Basic Materials, Technology, and Industrials all posted strong beat rates in excess of 70% this quarter which is well above its respective prior four-quarter average. Utilities (40% beat) and Energy (37% beat) struggled to beat consensus expectations, as they are the only two sectors with beat rates below its prior four-quarter average.

Interestingly, it appears as if the market is not rewarding companies that beat expectations as shown by the Price Reaction – 2D column which shows how prices have moved post-reporting. On aggregate, companies that beat expectations saw share prices remain flat, but on a sector basis, Technology stocks saw an aggregate price increase of 2.6%. Health Care companies appeared to see share prices fall on average regardless of beating, meeting, or missing earnings expectations.

Continuing with the app, we can also look at the Current Quarter Surprise as shown in Exhibit 2. Within this section, the Reported Actual highlights how much companies beat or missed expectations on aggregate by comparing the reported actual vs. consensus estimate.

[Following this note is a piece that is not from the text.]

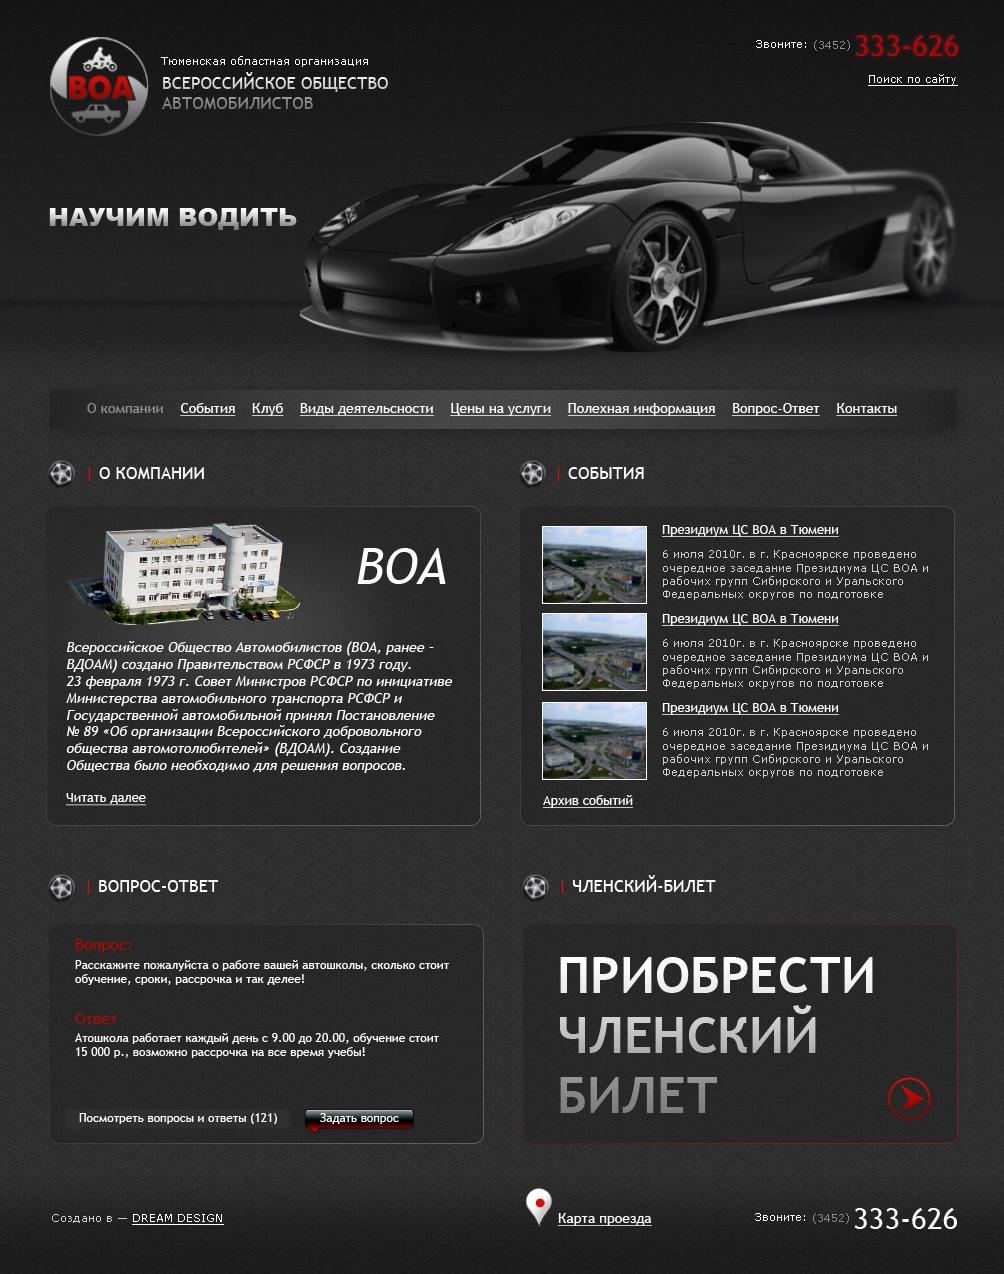 ВОА - всероссийской общество автомобилистов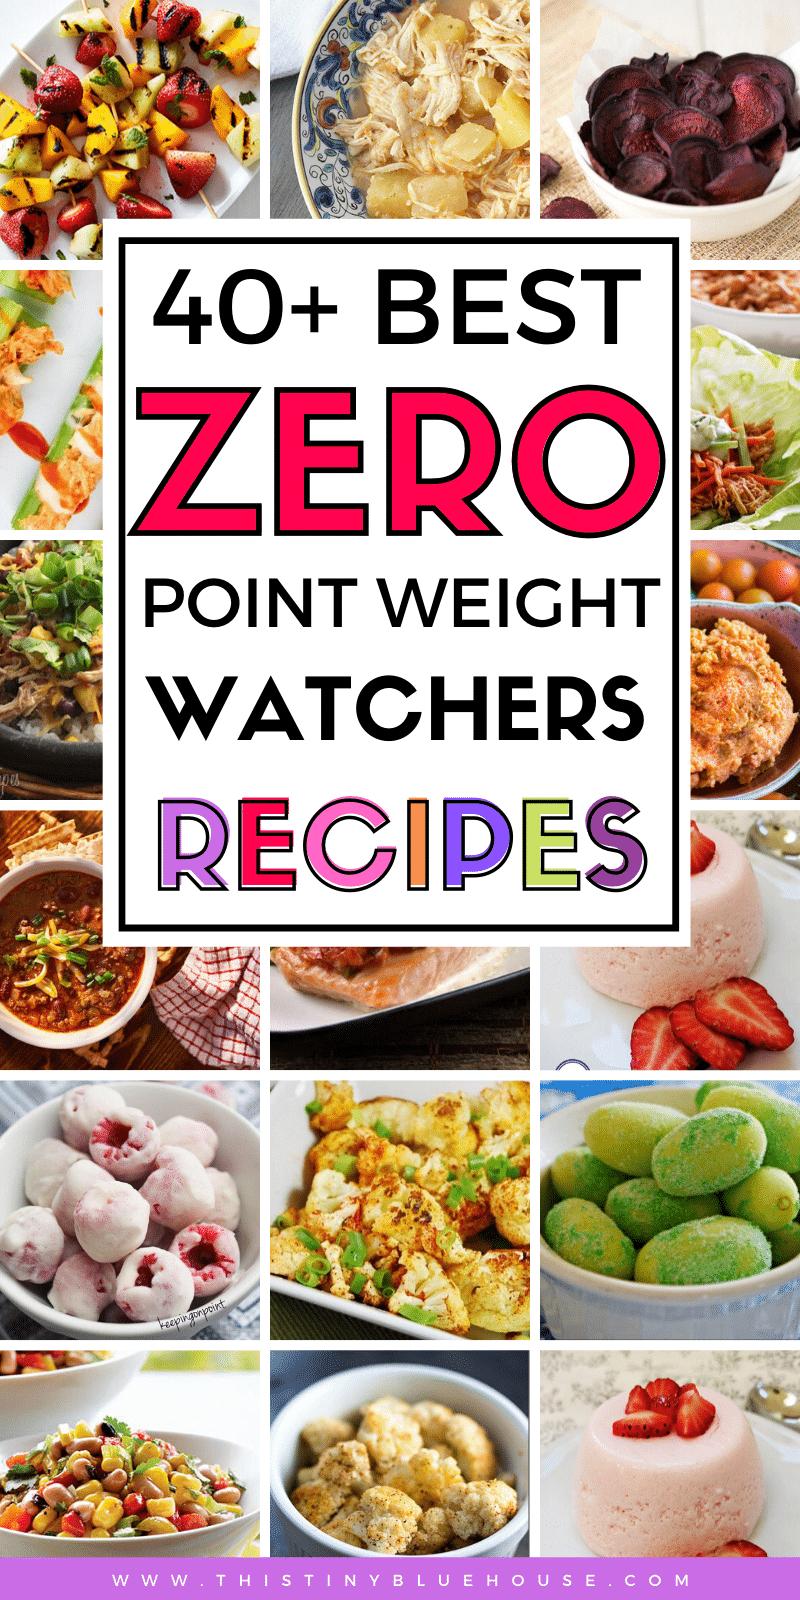 zero point foods on weight watchers diet

Exhibit 2: STOXX 600 Surprise Factors


Source: Refinitiv Eikon

Industrials and Basic Materials once again lead all sectors and have posted the strongest earnings surprise at 689.7% and 44.5% respectively. The app allows users to click into any of the data points which will display company level data allowing for granular analysis.

As an example, we can click into the 689.7% and it will display a ‘Show Work’ page which highlights the company level data. Exhibit 3 displays the individual companies that contributed most to the positive surprise factor which includes Abb LTD (ABBN.S), Siemens AG (SIEGn.DE), and Swedish companies Volvo (VOLVb.ST) and Skanska AB (SKAb.ST). Note that this page is showing aggregated earnings as opposed to per-share earnings data.

Exhibit 3: STOXX 600 Industrials Surprise Factor

Source: Refinitiv Eikon

If we look more broadly, we can see the companies that are most positively contributing to the overall STOXX 600 surprise factor of 39.9% as shown in Exhibit 4. Intesa Sanpaolo, Banco Santander, BNP Paribas and Credit Suisse are a few of the banks to have posted a large positive Predicted Surprise. Automakers including Fiat Chrysler and Daimler AG also beat expectations while oil majors Royal Dutch Shell and Total posted a positive predicted surprise of 131.3% and 125.1% respectively.

Exhibit 4: STOXX 600 Surprise Factor

Source: Refinitiv Eikon

The Yet to Report Predicted Surprise column shows users the anticipated Predicted Surprise of companies that have not yet reported earnings. Aside from a large negative Predicted Surprise for Basic Materials which is being driven by Thyssenkrupp AG (SmartEstimate: €-1.57 vs. Consensus: – €1.21 equating to a Predicted Surprise of -29.84%), the remaining sectors look to post earnings that are broadly in-line with analyst expectations on an aggregate basis.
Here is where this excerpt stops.